Un libro puede mentir casi tanto como un tuit
Esa lectura incluía formación científica. Si usted quiere matar de un disgusto a un editor español de hoy día, uno de estas sólidas editoriales que se pueden permitir lanzar tiradas de 2.000 ejemplares de un libro de ensayo con buenas perspectivas, susúrrelo que en la Alemania de 1920, cualquier libro de esos de divulgación científica, sobre la evolución humana, el color de los dinosaurios o el sexo de los insectos, alcanzaba fácilmente 60.000 o 70.000 ejemplares. La típica revista de naturaleza y ciencias tenía una tirada de cien mil al mes. De las novelas ya ni hablamos.
El pueblo leía. Y luego votaba a los nazis.
Partiendo de este ejemplo concreto podríamos decir que el fascismo es la más intelectual de todas las ideologías. Esto es, por supuesto, una boutade, una exageración, pero al menos dejaremos claro una cosa: estar extremamente bien formado, con una enorme cultura general y un acceso casi ilimitado a teorías científicas e información social y política, no protegía al pueblo alemán contra el discurso populista de un puñado de mesiánicos y oportunistas vestidos de camisas pardas.
Porque no todo lo que se lee es verdad. También hay libros que mienten, manipulan, tergiversan, convencen de falsedades. La teoría de las diferencias raciales, desde las formas del cráneo al carácter y al ideario moral, se difundía en libros firmados por personas con Prof. Dr. delante del nombre. Un libro puede mentir casi tanto como un tuit. De hecho, aunque Mein Kampf, el combativo ensayo de Hitler, no consta que se vendiera mucho antes de la victoria electoral del führer, el Gobierno alemán debe de tener en cierta estima su capacidad de convicción: prohíbe su venta hasta hoy. Para que los ávidos lectores no se hagan fascistas.

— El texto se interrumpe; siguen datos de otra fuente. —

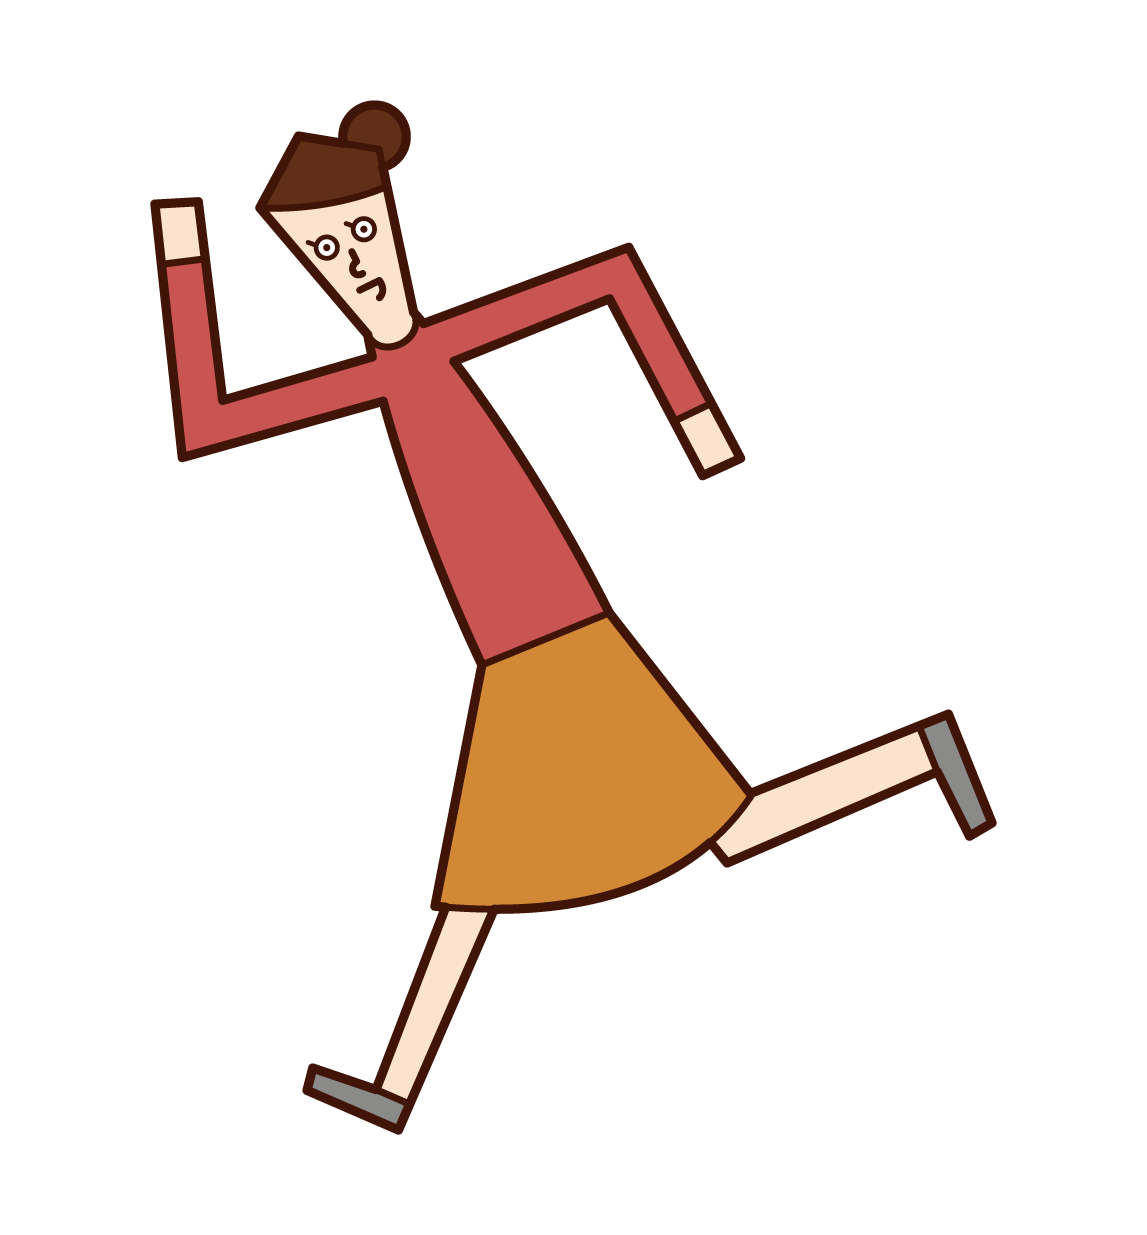 走るポーズをする人 女性 のイラスト フリーイラスト素材 Kukukeke ククケケ

Hay algo que tenían en común fascistas, socialistas y comunistas en 1920: querían cambiar la sociedad
Retengamos al menos esta lección de la Historia: leer no solo no cura el fascismo sino que puede contagiarlo. Según qué se lea. Por supuesto, también puede contagiar la ideología opuesta: el segundo partido más votado en la Alemania de 1932 era el socialista y el tercero, el comunista. Entre los tres recibieron el 73 por ciento de las papeletas.
Hay algo que estos tres partidos tenían en común, frente al resto de formaciones, que eran centristas y burguesas: querían cambiar la sociedad. Mediante profundas reformas los socialistas, mediante golpe o revolución nazis y comunistas.
Esto se tiende a olvidar: el fascismo era una ideología política incendiaria que proclamaba un profundo cambio de la sociedad, por mucho que para ello recurriera a ideales o lemas de un glorioso y muy lejano pasado “germánico” (en el caso de Hitler) o romano (en el de Mussolini). De hecho, acabó con el sistema de castas sociales —aristócratas y plebe— en el que Alemania se hallaba todavía encorsetada en los años 20.
Para votar a un partido conservador no hace falta pensar mucho: basta con querer que todo se quede igual. Las sociedades analfabetas suelen evolucionar despacio. Es la imprenta la que desde Gutenberg ha propagado ideas nuevas, revolucionarias. Es la lectura la que hace plantearse cosas, querer algo distinto, pensar que será posible. Una nueva ley, un nuevo orden social.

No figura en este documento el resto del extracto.